In a column for The Atlantic magazine, former New Republic staff member Michelle Cottle offered detailed, on-the-record accounts, including her own, of Wieseltier’s, behavior, to which he generally admitted in a published mea culpa:

“For my offenses against some of my colleagues in the past I offer a shaken apology and ask for their forgiveness,” he wrote. “The women with whom I worked are smart and good people. I am ashamed to know that I made any of them feel demeaned and disrespected.
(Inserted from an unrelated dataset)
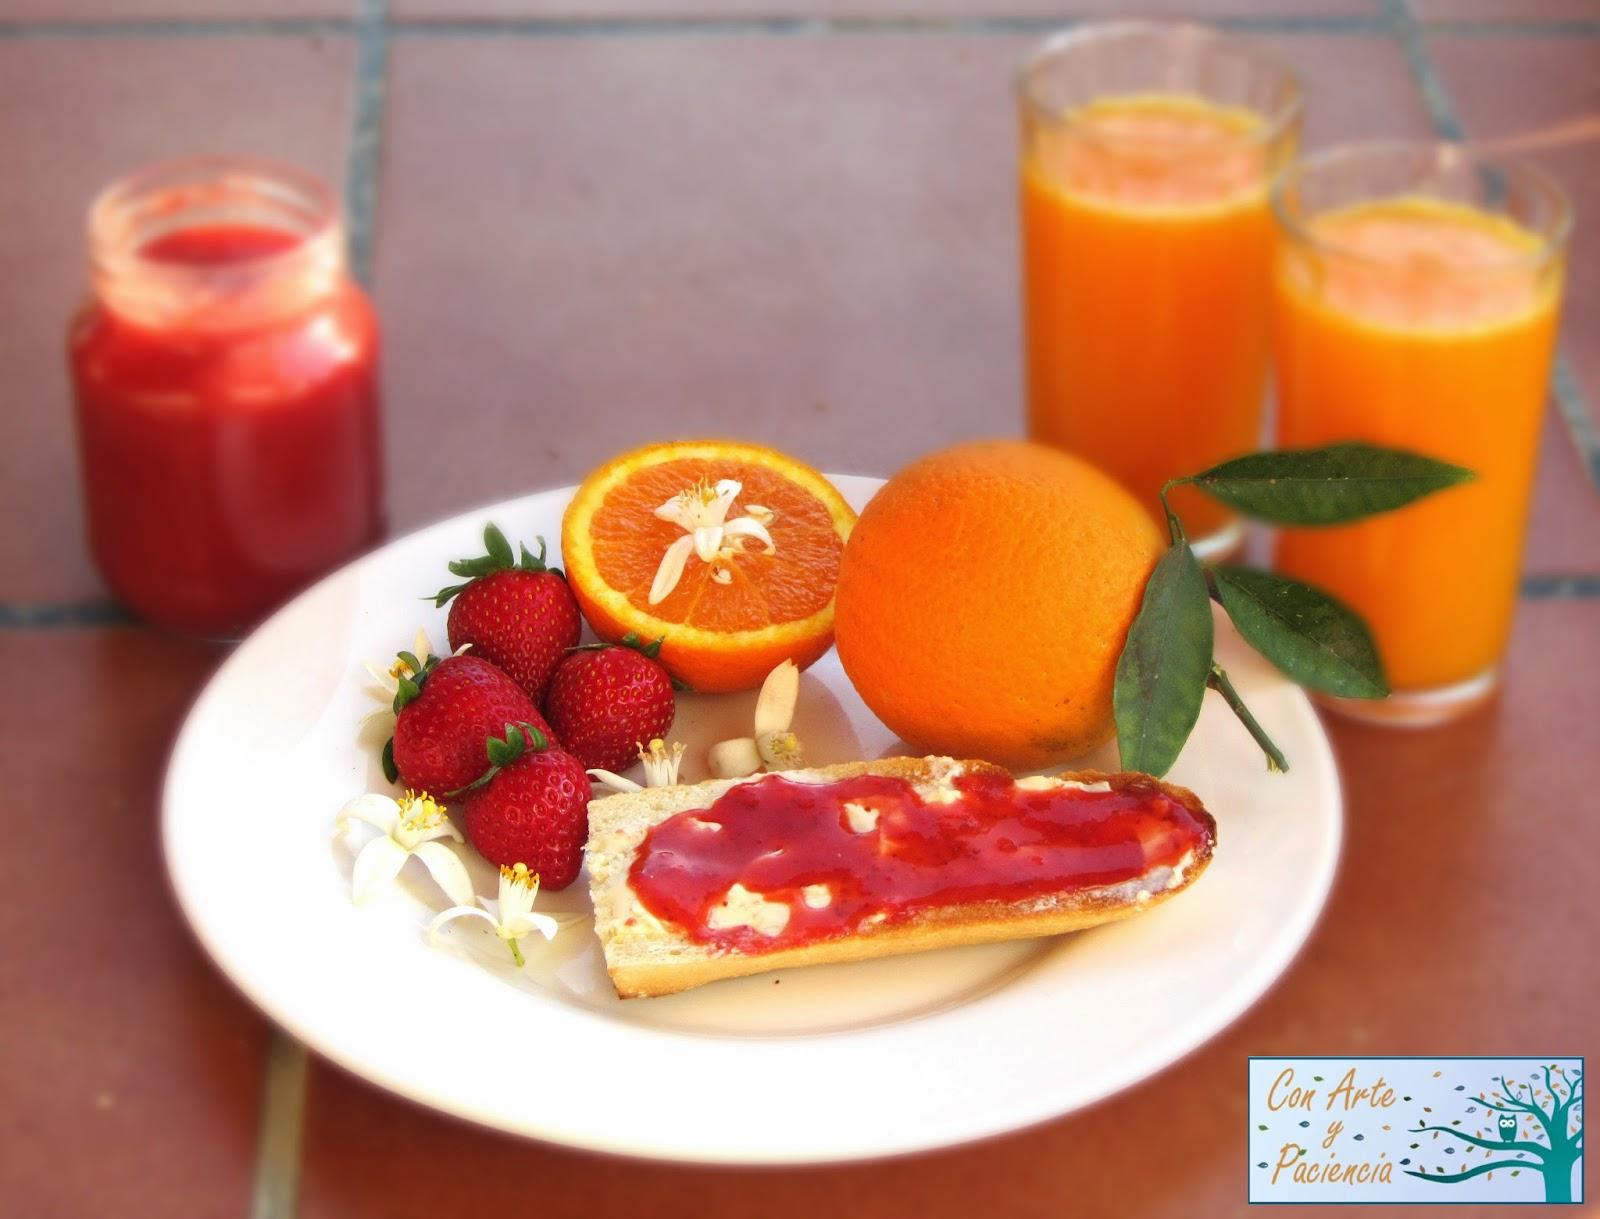 Mermelada,naranja,fresa,limón,canela,olla,frascos,zumo,tostadas,desayuno,deliciosos,clásico,delicias,meriendas,dulce,azúcar,
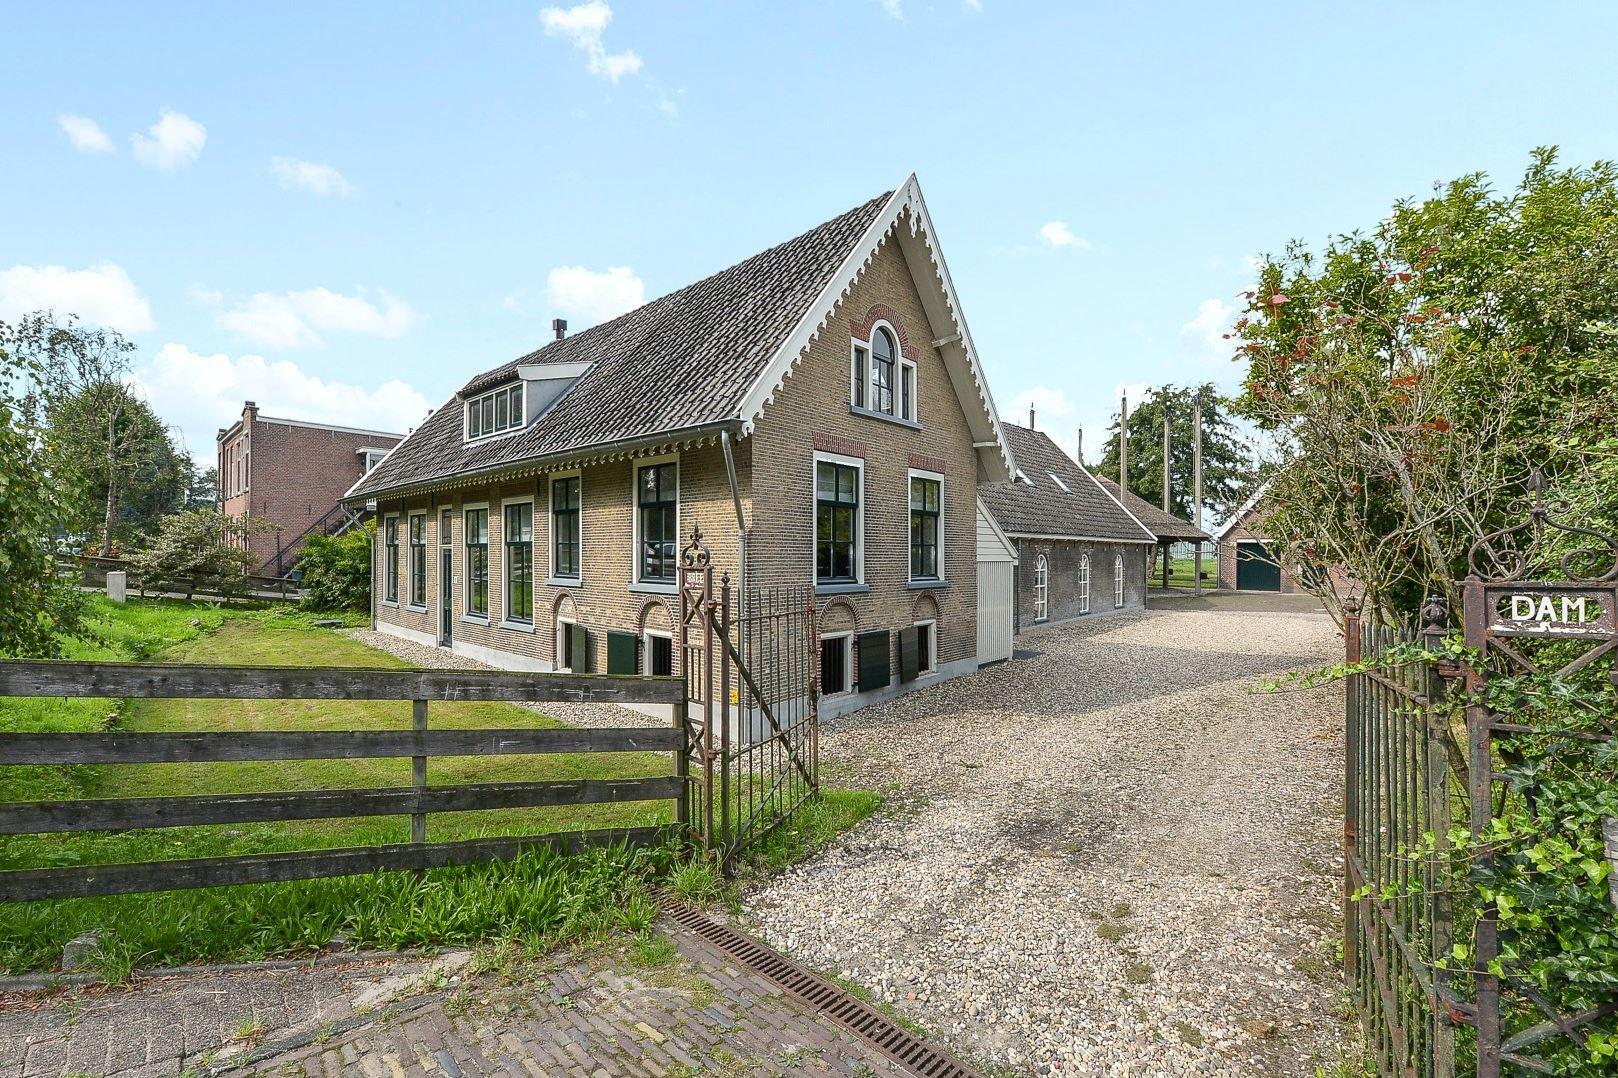 Huis te koop haantje 11 2288 cv rijswijk funda for Funda den haag koop

I assure them I will not waste this reckoning.”

In response to the reports, Jobs withdrew Emerson’s backing, and Idea has been scuttled, at least for the time being.

And in another development, Knight Landesman, 67, one of four co-publishers of Artforum magazine is the subject of a lawsuit brought by former staff member brought by former staffer Amanda Schmitt claiming Landesman subjected her to “unrelenting sexual harassment, including unwanted physical contact and verbal harassment continuing after she left the company” in 2o12 after three years, beginning when she was 21. Schmitt is seeking $500,000 in damages.

What has many in the media waiting for the next shoe to drop is reports of a list, dubbed “Shit*ty Media Men,” an anonymous, crowdsourced Google spreadsheet naming executives and editors at top publications, including The New York Times and New York magazine, that made the rounds on several sites in recent weeks before disappearing.

Politico reported that both publications have responded to the list, though in different ways. The Times said there were no harassment claims currently and no investigations underway. New York publisher New York Media told Politico that, “[i]n the case of any active New York Media employees who may appear on the ‘men in media’ list, we have reviewed whether any type of action is appropriate and have acted accordingly. It is New York Media’s policy not to disclose publicly any findings or actions taken as a result of this process so as to preserve the confidential and sensitive nature of these matters.”

Navasky, the emeritus publisher of The Nation and the author of Naming Names, a definitive account of the House Un-American Activities Committee hearings in the 1950s and the blacklisting of producers, writers, directors and actors suspected of having Communist associations, told Deadline that his reaction to the ongoing revelations has been mixed.

“I have double feelings,” he said. “I believe it’s very good to raise peoples’ consciousness about how women have been abused in the marketplace. But from my study of the blacklist and the McCarthy hearings, I think lists are dangerous.

“I don’t like them,” he added. “In times like these, hysteria can take over that ignores individuals.”